Sounds like a good plan to me, Vance. 

[LiquidTension]

Hello, 

 

Do you still require assistance?

[ANGLICO1]

Adam,

Not now but possibly in a week or so, after my new computer arrives and I begin implementing the transfer of selected files from the old (disconnected) computer to a backup drive, and from there to the new computer.

Hopefully, I'll have no problems.

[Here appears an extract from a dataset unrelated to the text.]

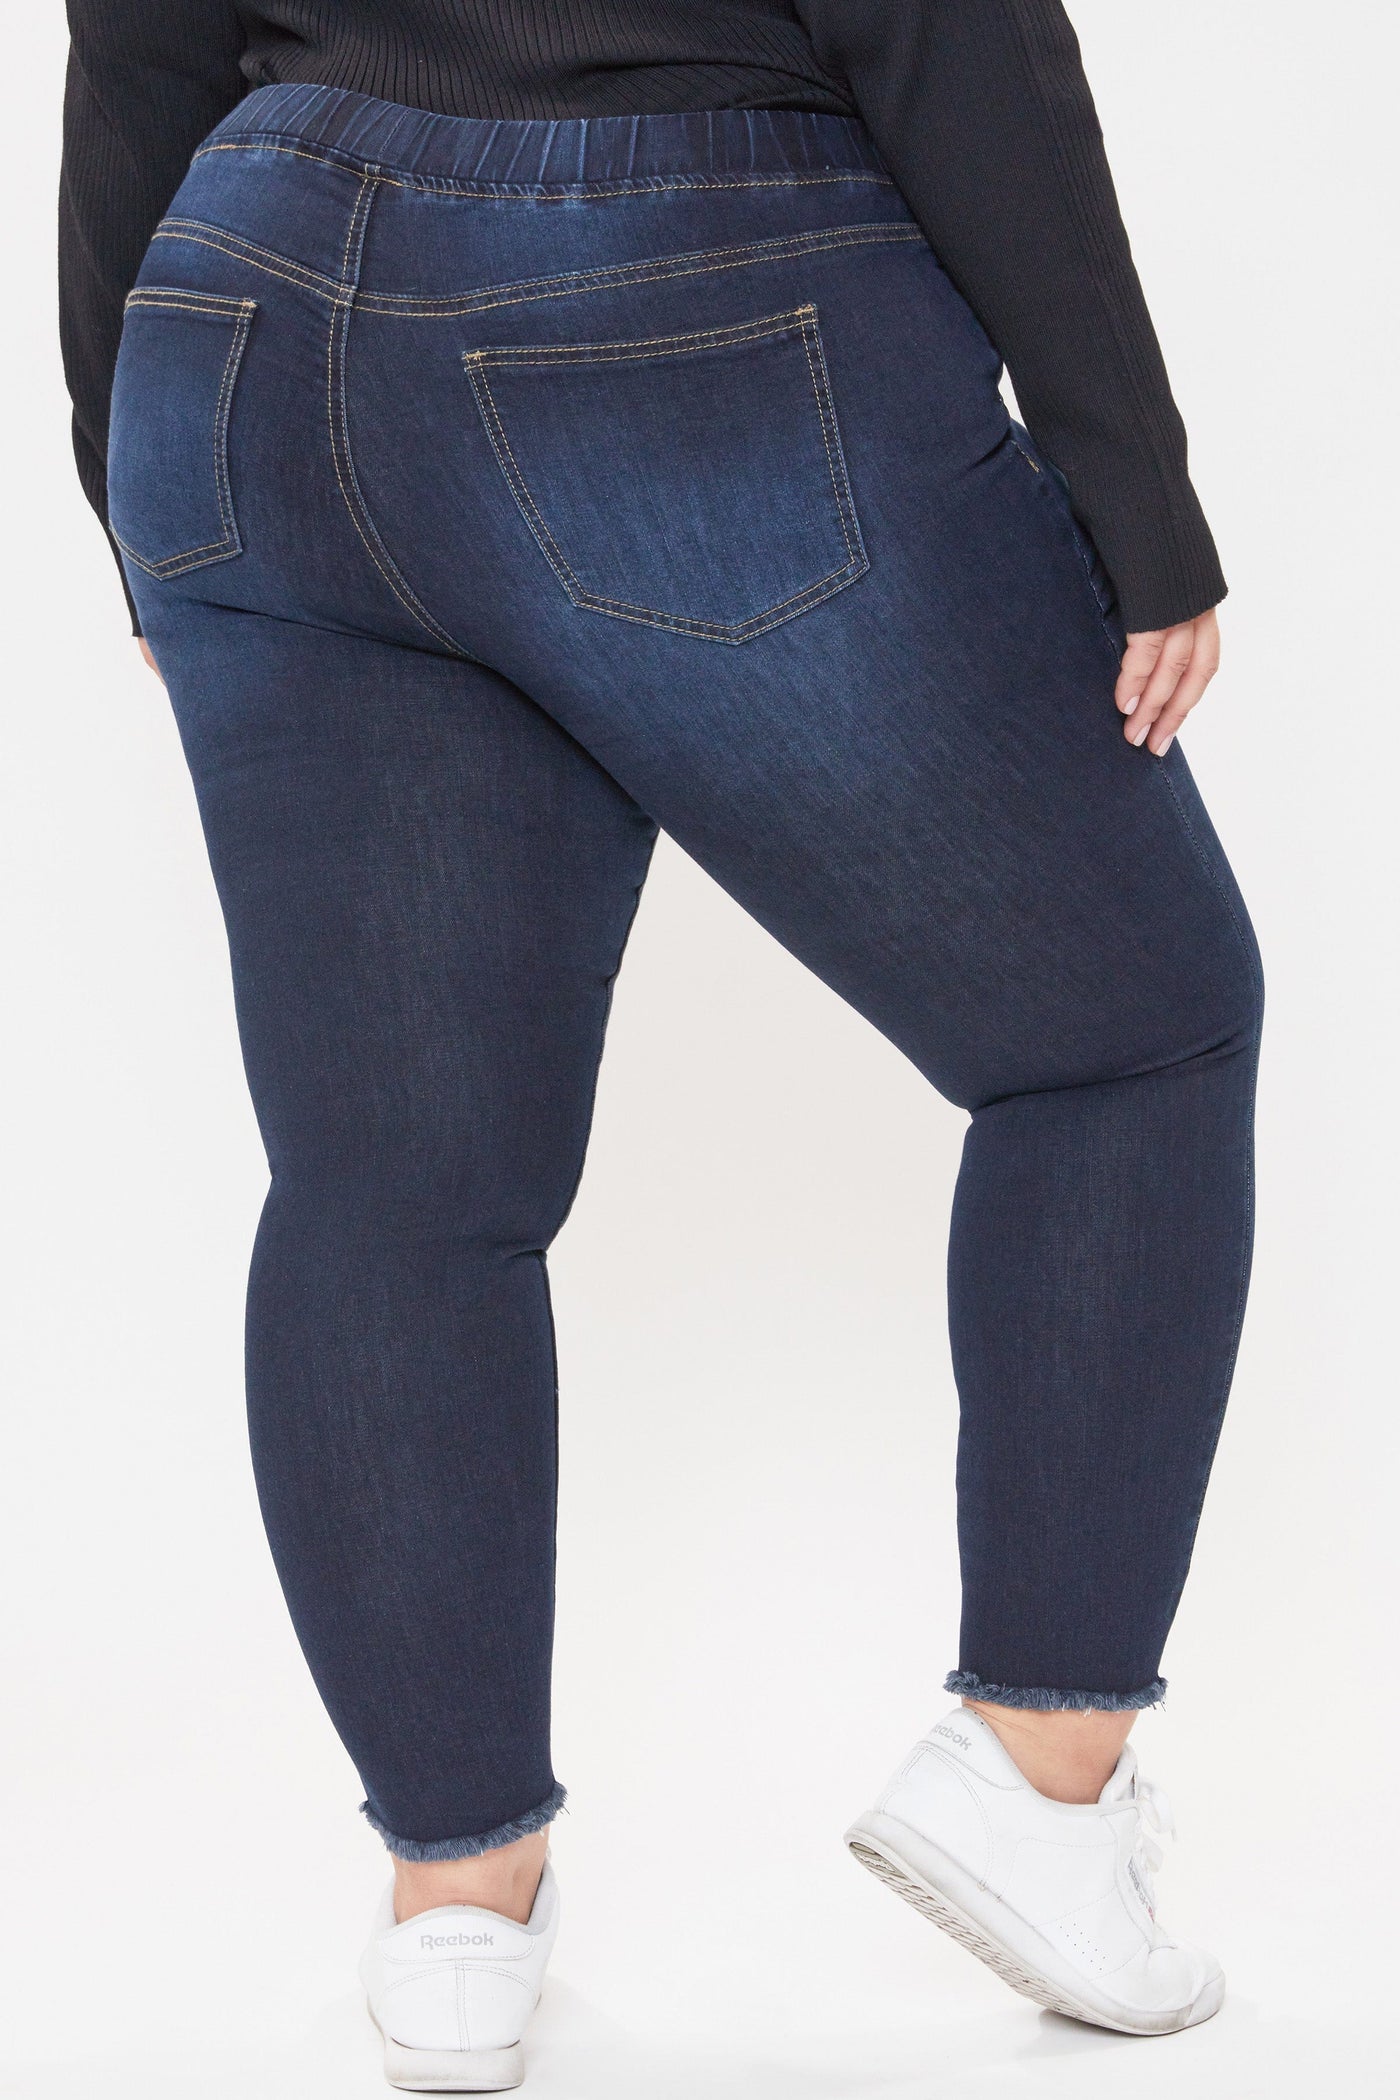 ROYALTY FOR ME Jogger Women Plus Size High-Rise Denim Ankle Jogger 6 Pack

Either way, I will post an update in a week or two.

Thank you for checking.

[LiquidTension]

OK, thank you for the update. 

[ANGLICO1]

Update:

 

New system purchased.  Dell with Windows 8.1.  I don't like it, but maybe v. 10.0 will bring some old simplicity back.

 

I couldn't install MWB prior to connecting to the internet, because the Dell system wanted me to connect during setup. 

But the very first task was to install Malwarebytes Anti-Malware Premium from the DVD that was mailed to me.  Then I checked for updates and ran the first scan.  No problems detected.

The DVD did not contain the other program that I purchased, Malwarebytes Anti-Exploit Premium.  Yesterday I submitted a support question in hopes of finding out how to get that installed.

 

Do you recommend any other Malwarebytes software for this brand new system?

 

Once the Support folks instruct me regarding Anti-Exploit, I will begin the potentially risky task of transferring photos, contacts, email backups, etc. to the new computer.

 

I've changed every password I can think of multiple times, using my iPad.